Saturday, February 7, 2009

Crash

Only when I just get over being nauseous, my stomach rolls over in disgust of myself. Really, Joannie, really?! Good god, I take a good thing and throw it away with both hands! I should be institutionalized for the things I do to sabotage myself.

I don't know what to do anymore. I feel like discarded banana peelings left out on a wet, slushy sidewalk. It's Saturday. Nothing to focus on. Nothing to be driven towards. Thinking about the cello makes me sigh internally, so deep a sigh I can't move for the gravity of it. Insane... And I call myself a musician...
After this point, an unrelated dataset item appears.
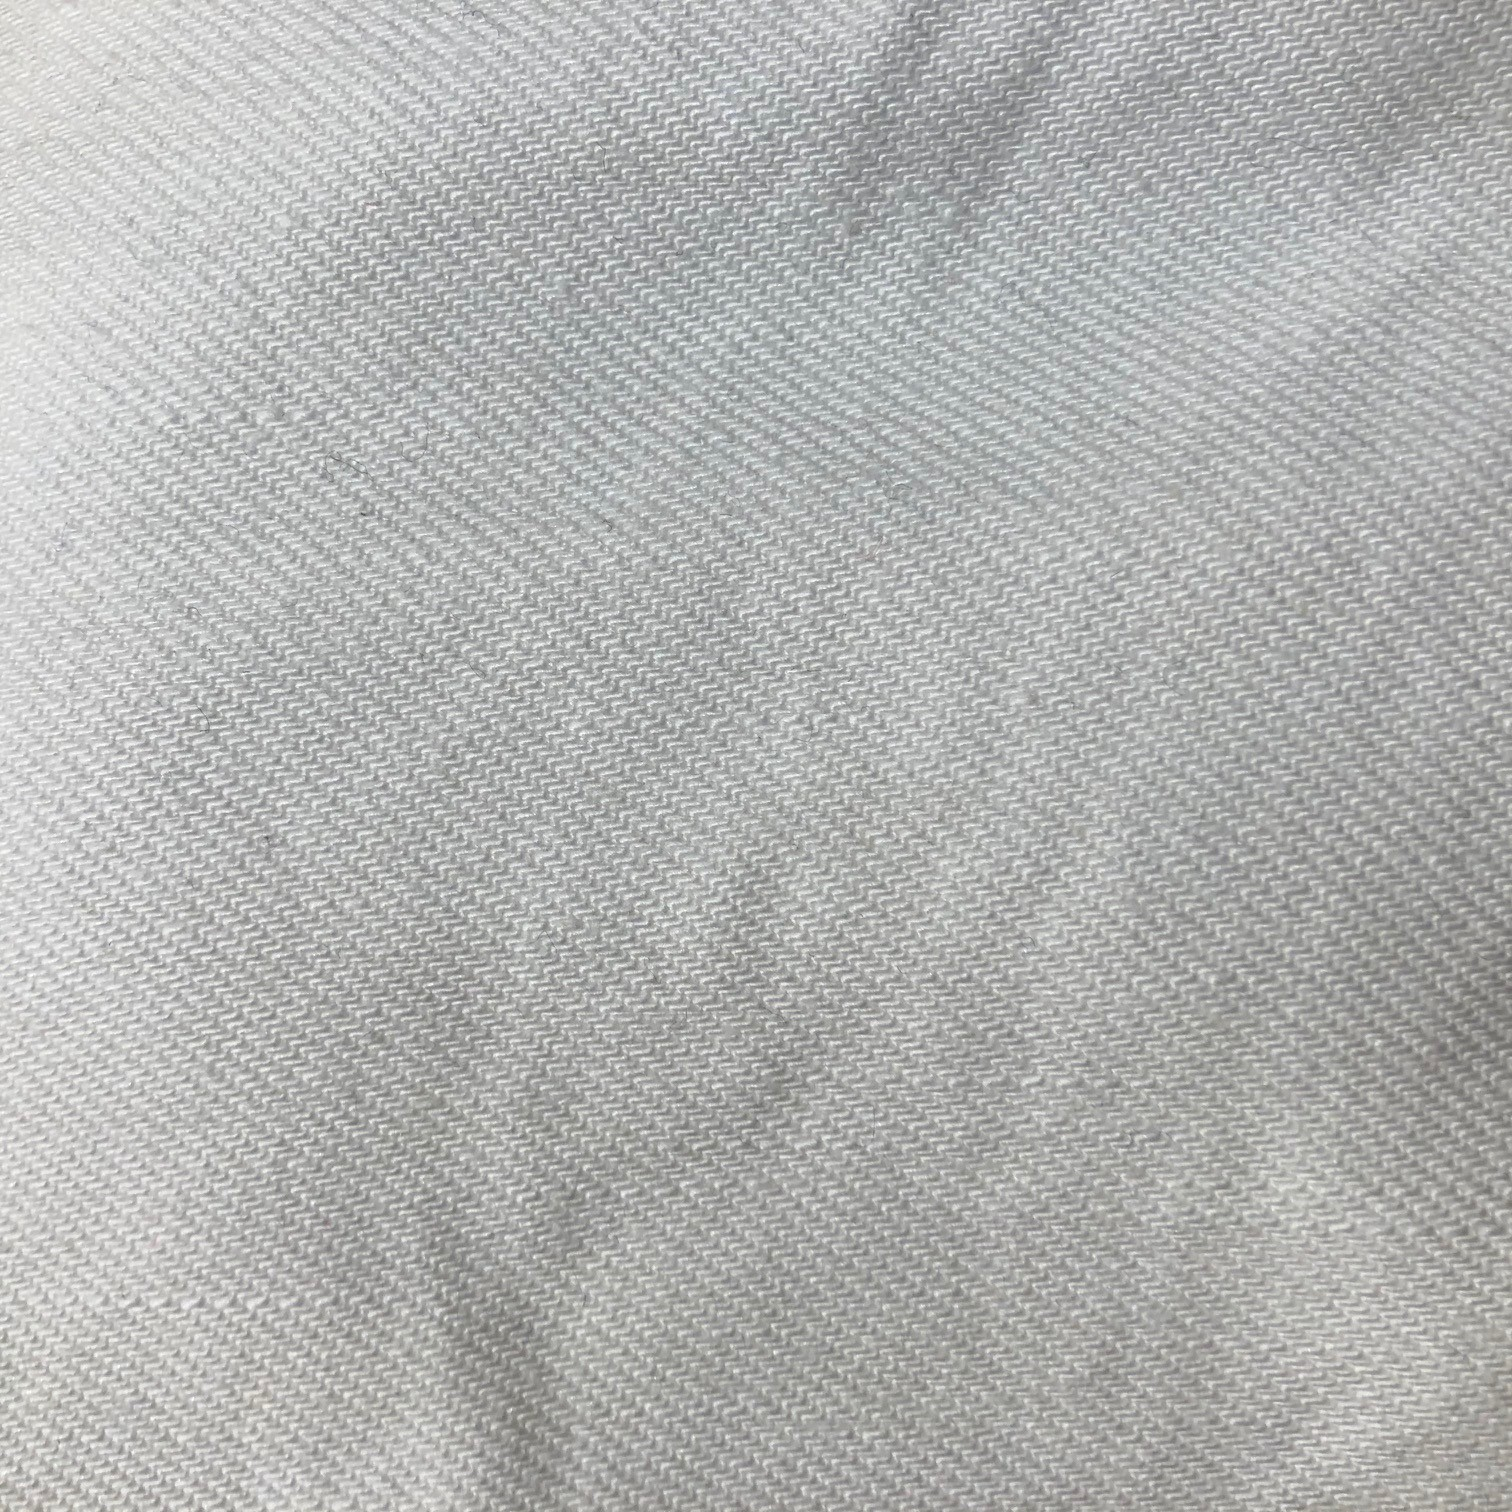 02- White Takehime

"Whirlwind romance," is what Steffie called it. Indeed... I don't know what to think. Maybe I'm not ready. Maybe I am. Maybe I should let him go while he still has a chance, time to run. I'm so selfish... There could be monuments to the level of hypocrisy in me. I try so hard to belong, to be similar, to run on some one's wavelength. I don't have a wavelength anymore. Maybe this is it, right now. Complete angst. Ugh. I have a headache.

I think about him more and more now, Kenny. That's never a good thing. I wonder if his selfish action was so selfish after all. It was his life, his choice. He didn't give a damn if he hurt the hundred people in his life. He didn't care about being right, nice, or proper... At least now I have someone to talk to when I'm alone in the car.

Yuck, I'm shivering now. Why do I get so cold when I get like this? I can't believe I'm indulging myself this way. No one needs to know what's going through my head. I should be able to snap out of this, get back on track. Nothing's wrong, I'm set, why am I like this? No wonder why they call women melodramatic.

I think I'll go take a nap. I hate the weekends.